Direct measurements of thermal phonon transmissivity at rough interfaces

Energy transport across solid-solid interfaces is a fundamental process of both scientific and practical interest. For example, electronic transport across metal-semiconductor and pn-junctions forms the basis for modern microelectronics. While electron and photon transport across interfaces is well understood, the microscopic interfacial transport processes for thermal phonons are largely unknown. In fact, the transmissivity of thermal phonons across any interface has never been directly measured. At present, interfacial transport is studied using macroscopic measurements of interface conductance, a procedure that leaves substantial ambiguity in the actual transmissivity profile.

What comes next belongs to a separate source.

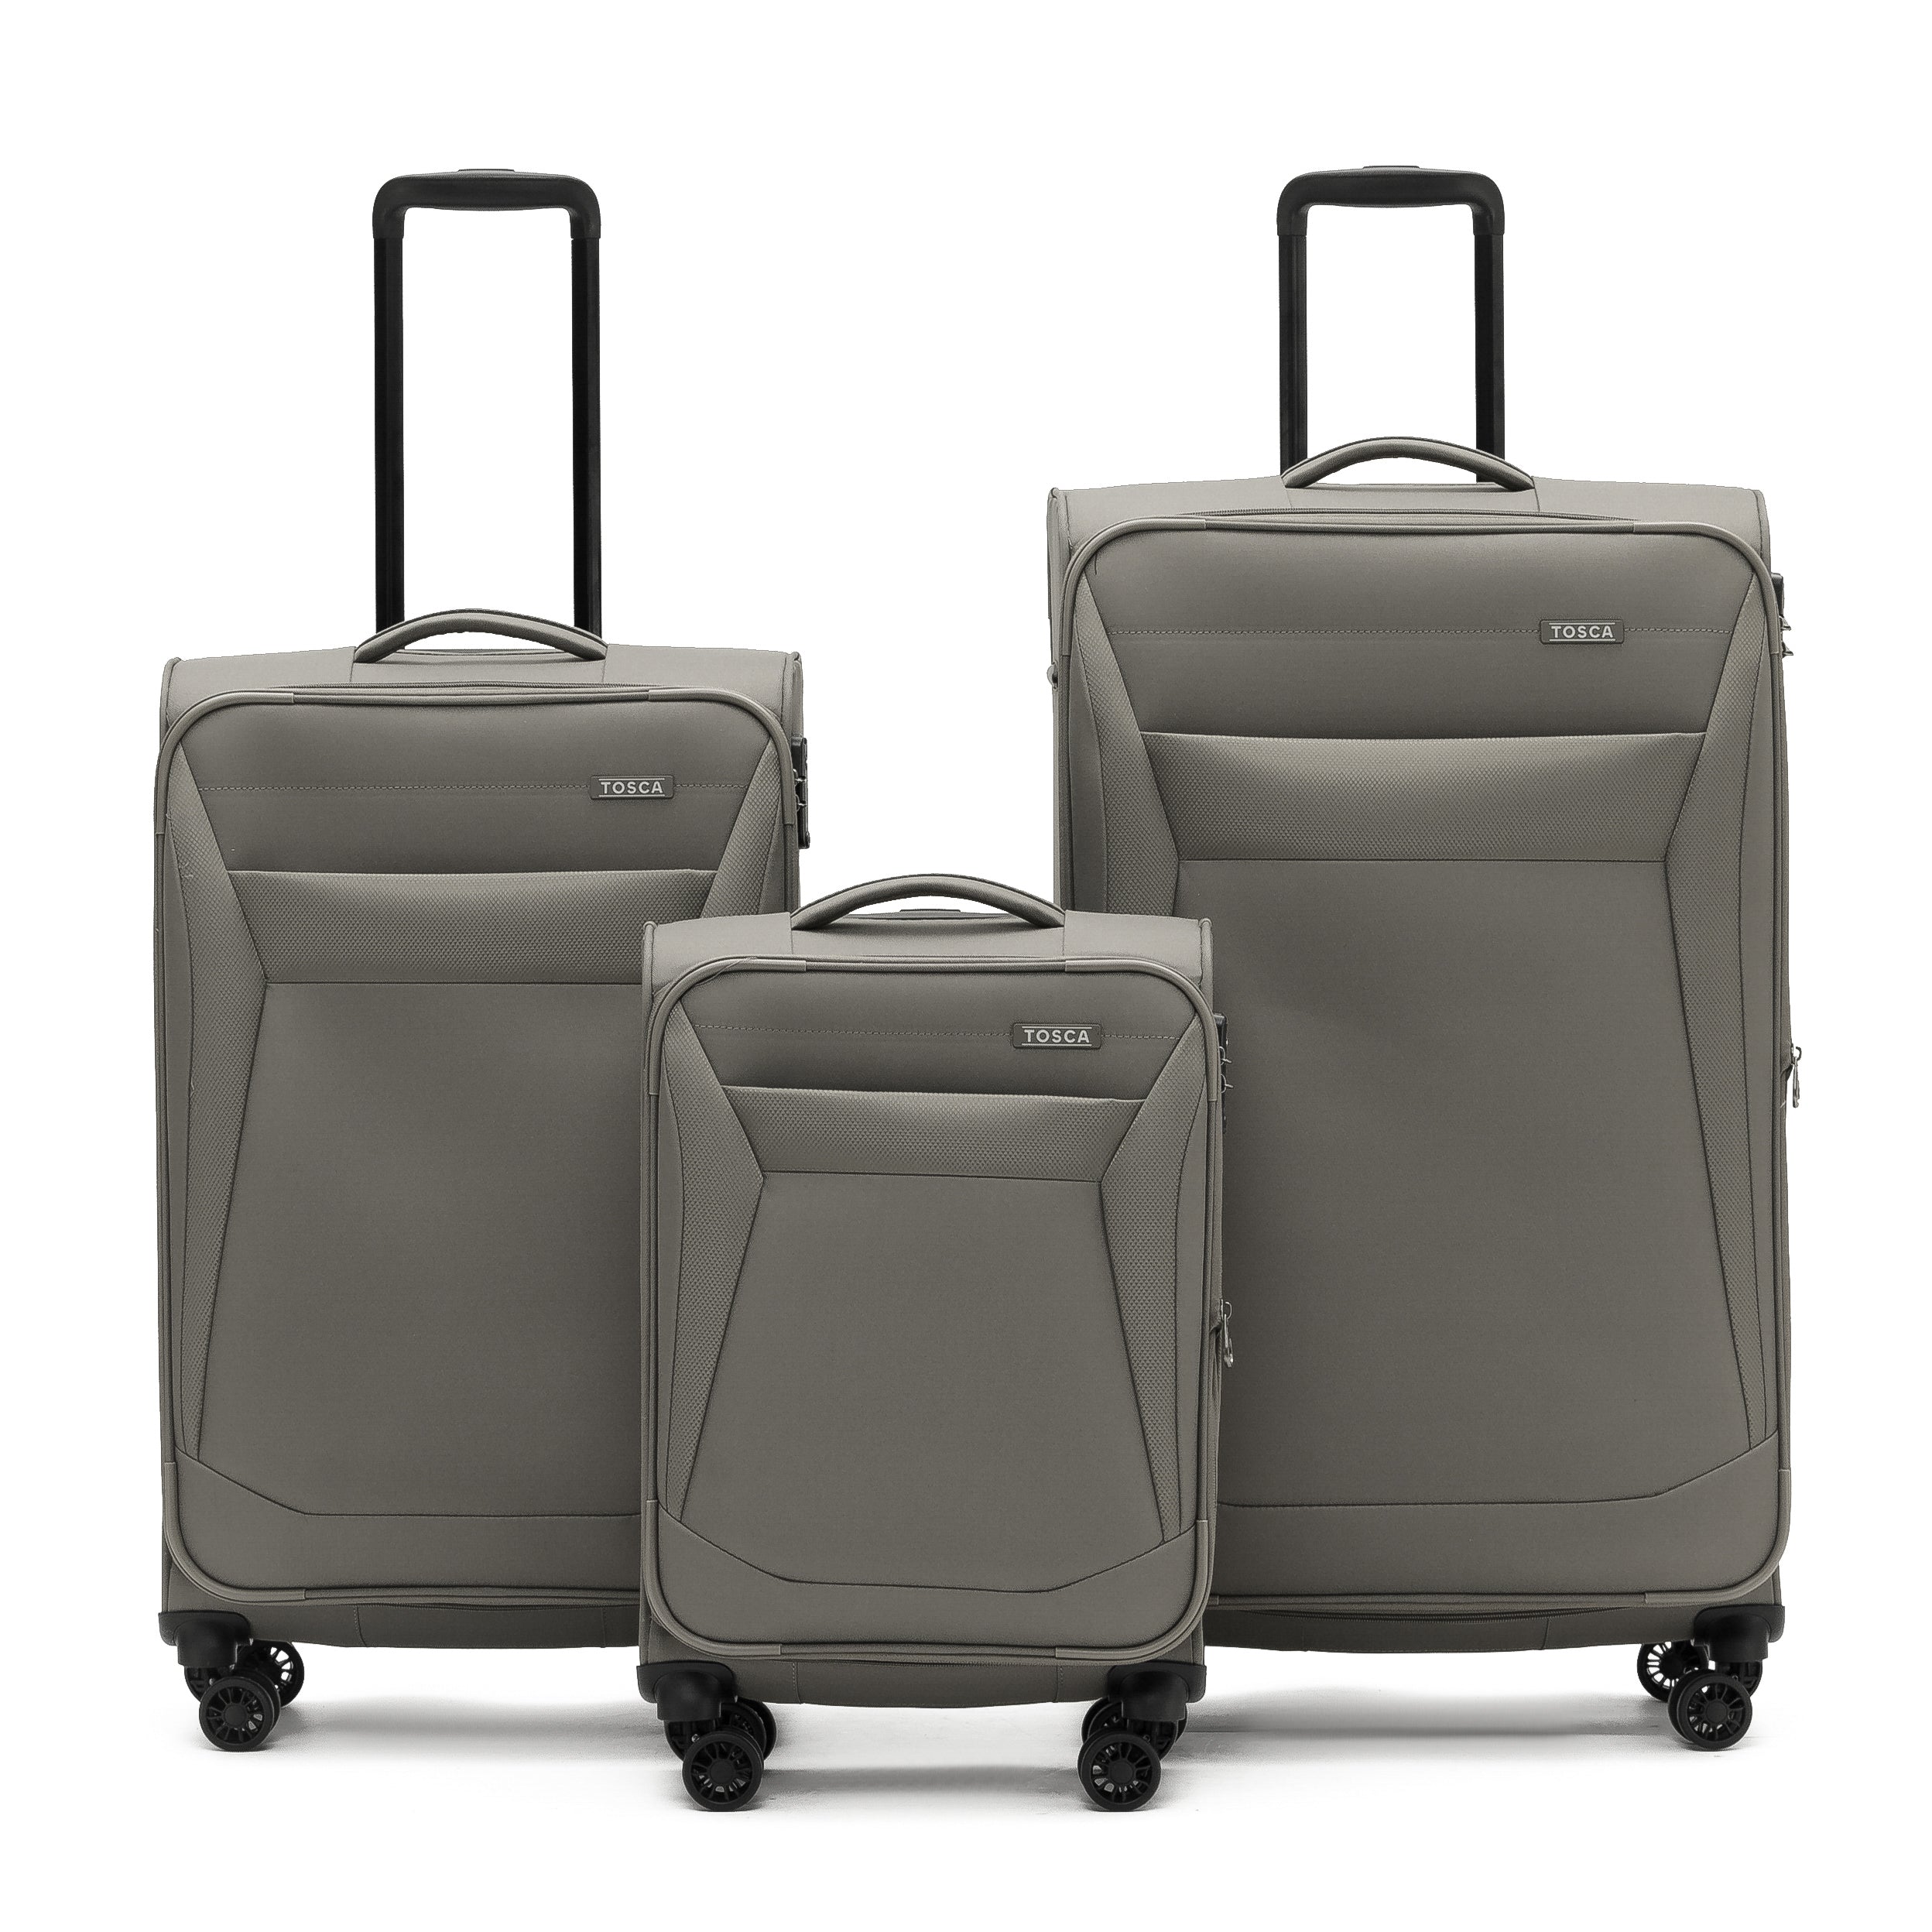 Tosca - Aviator 2.0 set of 3 suitcases (L-M-S) - Khaki

Here, we demonstrate that the spectral phonon transmissivity at a metal-semiconductor interface is contained in measurements from a widely-used experimental technique, time-domain thermoreflectance (TDTR). Using our recent advances in solving the phonon Boltzmann equation to interpret TDTR measurements, we are able to directly measure how much heat is carried by each phonon mode across the interface and hence directly extract the spectral phonon transmissivity. Our measurements reveal that, like other waves, thermal phonons are capable of tunneling across disordered interfaces with thickness smaller than their wavelength. This work represents a major advance in our understanding of thermal phonon transport at interfaces and could impact numerous applications ranging from thermoelectric waste heat recovery to heat dissipation in electronic devices.